Justice Lamar said that "manufacture is transformation -- the
fashioning of raw materials into a change of form for use."
In
Tide Water Oil Company v. United States,
171 U. S. 210,
171 U. S. 216,
Mr. Justice Brown, referring to the expansion of the meaning of the
word "manufacture," said that "the word is now ordinarily used to
denote an article upon the material of which labor has been
expended to make the finished product."
Page 216 U. S. 455
Concrete is an artificial stone. It is a product resulting from
a combination of sand or gravel or broken bits of limestone, with
water and cement; a combination which requires ordinarily the use
of both skill and machinery. It is not denied that, if concrete in
a shape adapted to use and in finished form is supplied to others
for the making of a house, bridge, pier, arch, or abutment, that
the corporation making such blocks or shapes would be, in the most
narrow sense, one engaged in manufacture. But it is urged that this
corporation made these blocks or shapes at the place where used,
and that, as finished, they became a part of a principal structure
and affixed to the realty, and that therefore they were not engaged
in manufacturing, which, say counsel, is a business confined to
those who make articles which may be "transported and sold at some
other place than that, where made."
The production of concrete arches or piers or abutments is the
result of successive steps. The combination of raw material -- the
sand, the limestone, the cement, and the water -- produced a
product which undoubtedly was "manufactured." This concrete had
then to be given shape. That required the manufacture of moulds,
which remain in place until hardening occurs. If the concrete is
reinforced, as is the case where great strength is required, then
the adjustment of the bars of steel within the moulds was another
step. Do all of these steps, each a step in "manufacturing," cease
to be "manufacturing" because the moulds into which the concrete is
poured, when in a fluid state, are upon the spot where the finished
product is to remain? That the operation of making and shaping the
concrete is done at the place used seems rather a matter of
convenience, due to the quick hardening in moulds and difficulties
of transportation. But, as we may take notice, the operation which,
in the end, is to produce an arch or abutment or pier or house is
not necessarily a single operation, but one of successive
repetitions of the process. The business is not identical with that
of a mere builder or constructor who puts together the brick or
stone or wood or
Page 216 U. S. 456
iron, as finished by another.

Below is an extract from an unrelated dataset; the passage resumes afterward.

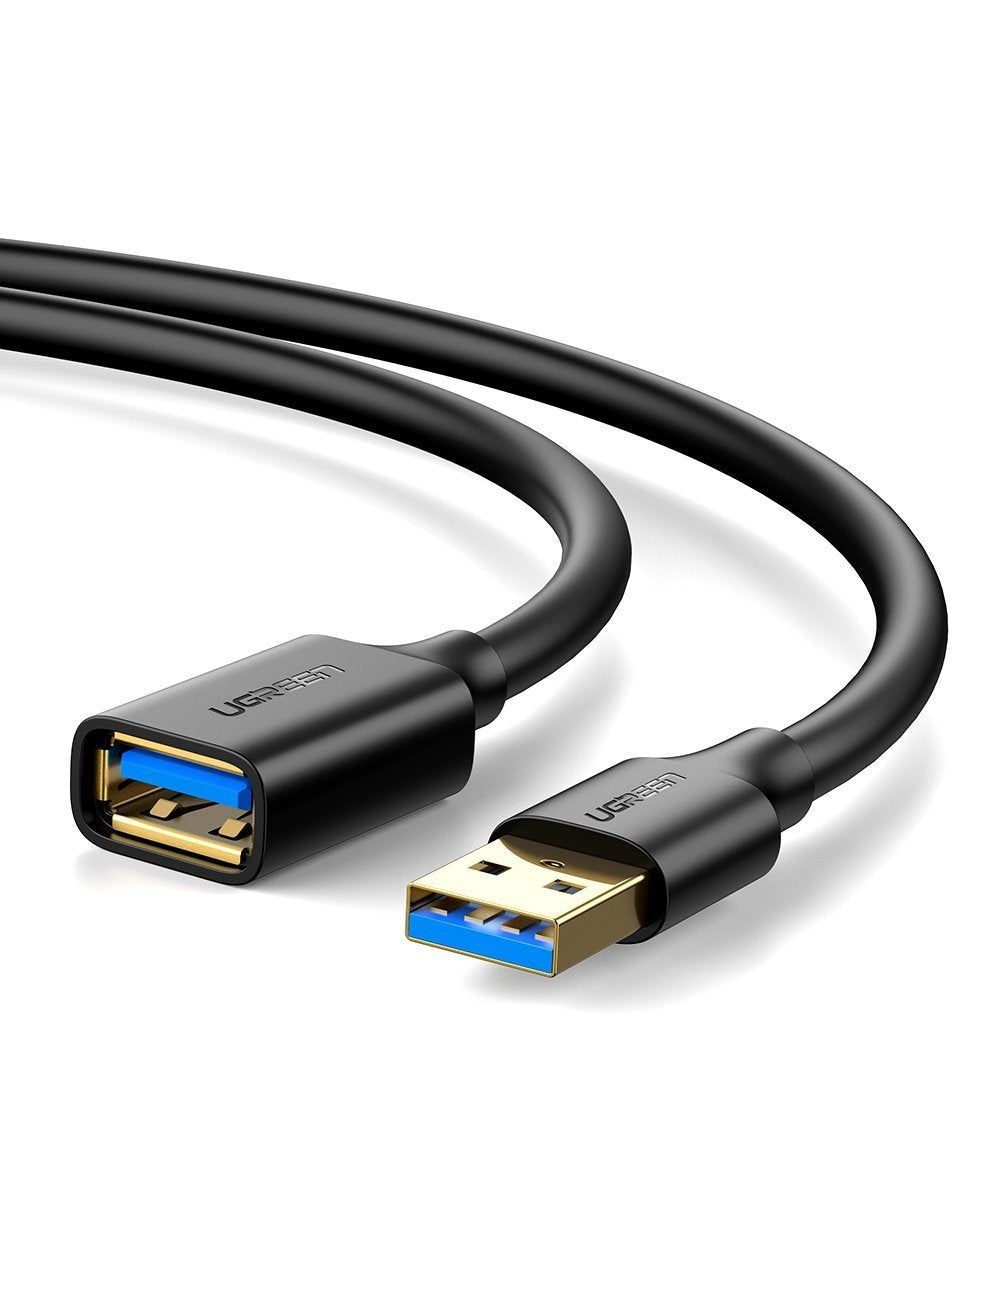 10373 Кабель UGREEN US129 USB-A - USB-A (папа-мама), цвет: черный, 2M

If the builder made his brick,
shaped his timbers, and joined them all together, he would plainly
be a manufacturer as well as a builder, and if the former was the
principal part of the business, he would be within the definition
of the Bankrupt Act. To say that one who makes, and then gives form
and shape to the product made, is not engaged in manufacturing
because he makes his product and gives it form and shape in the
place where it is to remain is too narrow a construction.
In a case styled
In re First National Bank, 152 F. 64,
the Circuit Court of Appeals for the Eighth Circuit, in an opinion
by Sanborn, Circuit Judge, sustained an adjudication of bankruptcy
against a precisely similar corporation.
In
Columbia Ironworks v. National Lead Company, 127 F.
99, the Sixth Circuit Court of Appeals adjudged that a corporation
engaged principally in the business of building and repairing large
steel ships for sale and upon order, who prepared and gave shape to
much of the raw material, was engaged in manufacturing.
The judgment of the circuit court of appeals must be
reversed and that of the district court affirmed.